Sie liebte das Fährtentraining, und selbst im letzten Jahr, als sie an Spaziergängen kein Interesse mehr hatte, verfolgte sie noch kleine extra kurze Fährten mit Hingabe. Sie liebte es, im Sand am Meer zu rennen, gerne mit Kaylin um die Wette. Sie liebte es, nach Mäusen zu buddeln, mit mehr Eifer als Erfolg. Sie liebte es, zu fremden Leuten beim Picknicken hinzulaufen, und sich von den zumeist hingerissenen Menschen füttern zu lassen. Wo es so entzückende Mini-Dalmatiner gäbe, wurde ich gefragt. Im Tierschutz.
Ganz schnell hatte sie gelernt, den begeisterten menschlichen Grabsch-Händen auszuweichen, und ich hatte gelernt, wann und wo und wie sie gekrault werden mochte. Sie war ein bißchen wie eine Katze. Zum Geschirr und Mantel anziehen hatten wir unsere Rituale entwickelt, und abends deckte ich sie schon ganz automatisch zu, so wie sie es mochte. Mit dem Alter wurde sie duldsamer, nachgiebiger, ihr samtschwarzen Ohren wurden weiß und taub, und anstatt langen Spaziergängen durch die Felder bevorzugte sie jetzt Schnüffelrunden in der Stadt.
Auch hier war Alanna für mich die erste: noch nie hatte ich einen Hund in ein so hohes Alter begleiten dürfen. Sie wurde zerbrechlich, die Hinterbeine schmal, das Tempo langsamer. Sie wurde 17, dann 18, und schließlich 19. Mein kleines Hunde-Seniorenheim verwandelte sich in ein Hospiz.
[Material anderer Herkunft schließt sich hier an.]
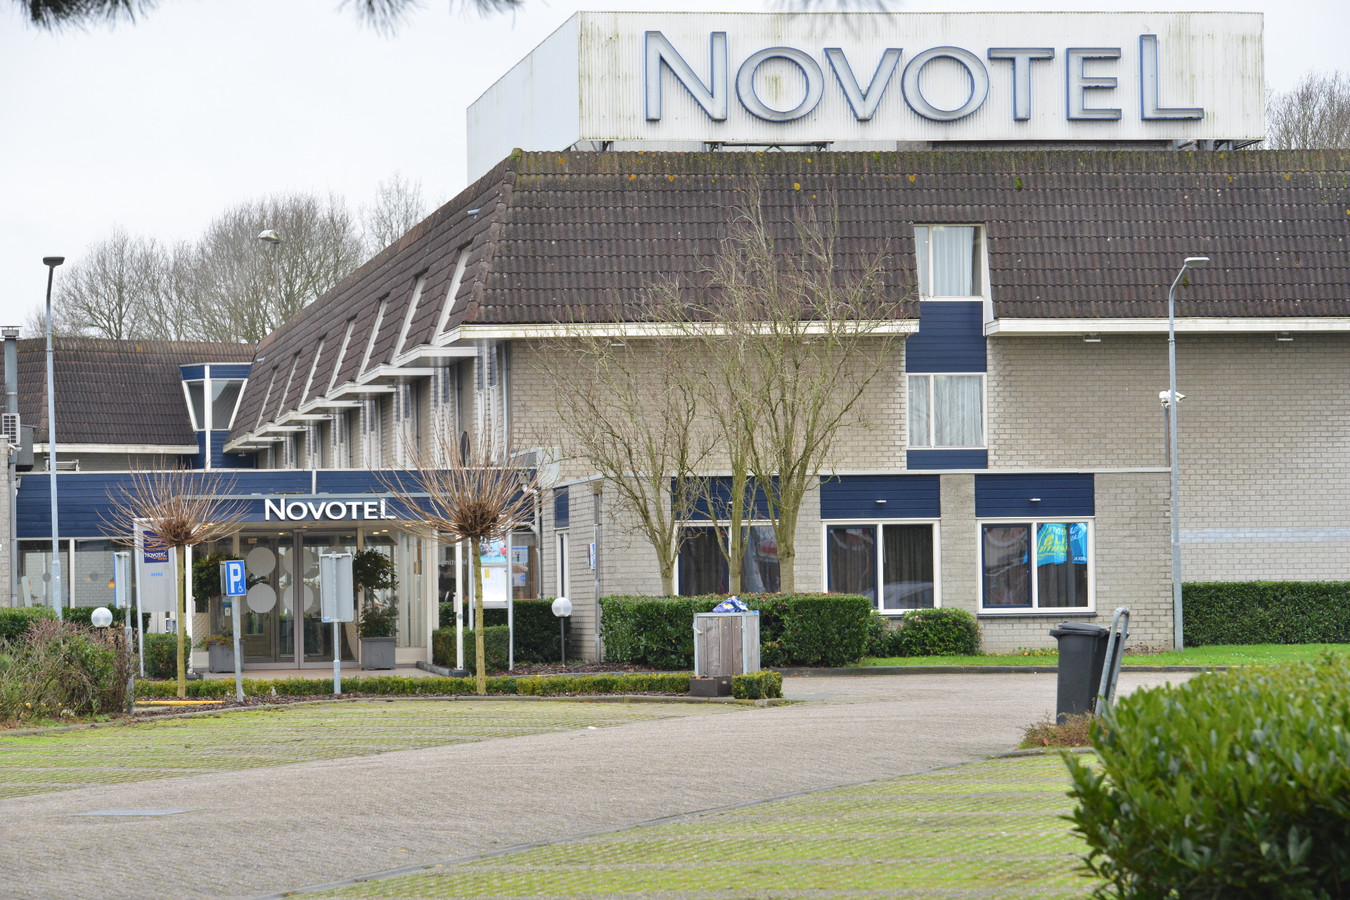 Novotel Breda, waar het voetbalteam zich misdroeg

Auf den Spaziergängen krochen wir nun, vorbei die Tage des Flitzens, für immer vorbei.
Ich trug sie viel, damit sie dabei war. Das alte Anfass-Problem war zu einer Erinnerung geworden, nach so vielen Jahren. Der gute Appetit, welcher ihr ein stattliches Bäuchlein beschert hatte, war vergangen, die Nieren waren schwach. Wie eine verzweifelte Irre kaufte ich im Supermarkt und Tierladen alles, was ihr schmecken könnte. Manches aß sie einmal, und dann nie wieder. Die Medikamente zu verabreichen wurde zur Nervenprobe, ich bekam manchmal einfach nichts in sie hinein. Sie schlief viel und tief, und dann konnte sie ohne Hilfe nicht mehr aufstehen oder sich umbetten. Ihr kleiner Körper war ganz weich und ohne Spannung, und als der Tierarzt zum letzten Mal zu uns nach Hause kam, war die Entscheidung eindeutig. Am 10. März 2020 hielt ich sie in meinen Armen. Ihre fast schwarzen runden Augen hatten mich den ganzen Tag immer wieder gesucht, es ging ihr nicht gut. Dann war sie fort.
Als ich vor der Dame im Krematorium stand, die mich schon als Kind kannte, und der ich nun mein drittes Familienmitglied innerhalb sechs Wochen brachte, schaute sie auf die Papiere, und sagte: Das ist ja Ihr halbes Leben.
Und so war es. Fast 17 Jahre waren Alanna und ich zusammen. Meine kleine Heldin. War es ein erfülltes Leben? Ich denke schon. Hätte ich manches besser machen können? Bestimmt! Vor allem am Schluss, als mir die Kräfte ausgingen. Doch wie so vieles, hatte sie vielleicht auch das verstanden. Sie hatte so lange durch gehalten. Von den ursprünglichen fantastischen Vier mit Sophie, Kaylin und Fitz, war sie die erste gewesen, und nun die letzte. Erst als sie alle diese Welt verlassen hatten, erst dann verließ sie ihren Platz an meiner Seite.
Meine kleine, kluge Alanna. Ich danke dir. Ich habe dich sehr, sehr geliebt. Ich hoffe, wir sehen uns wieder.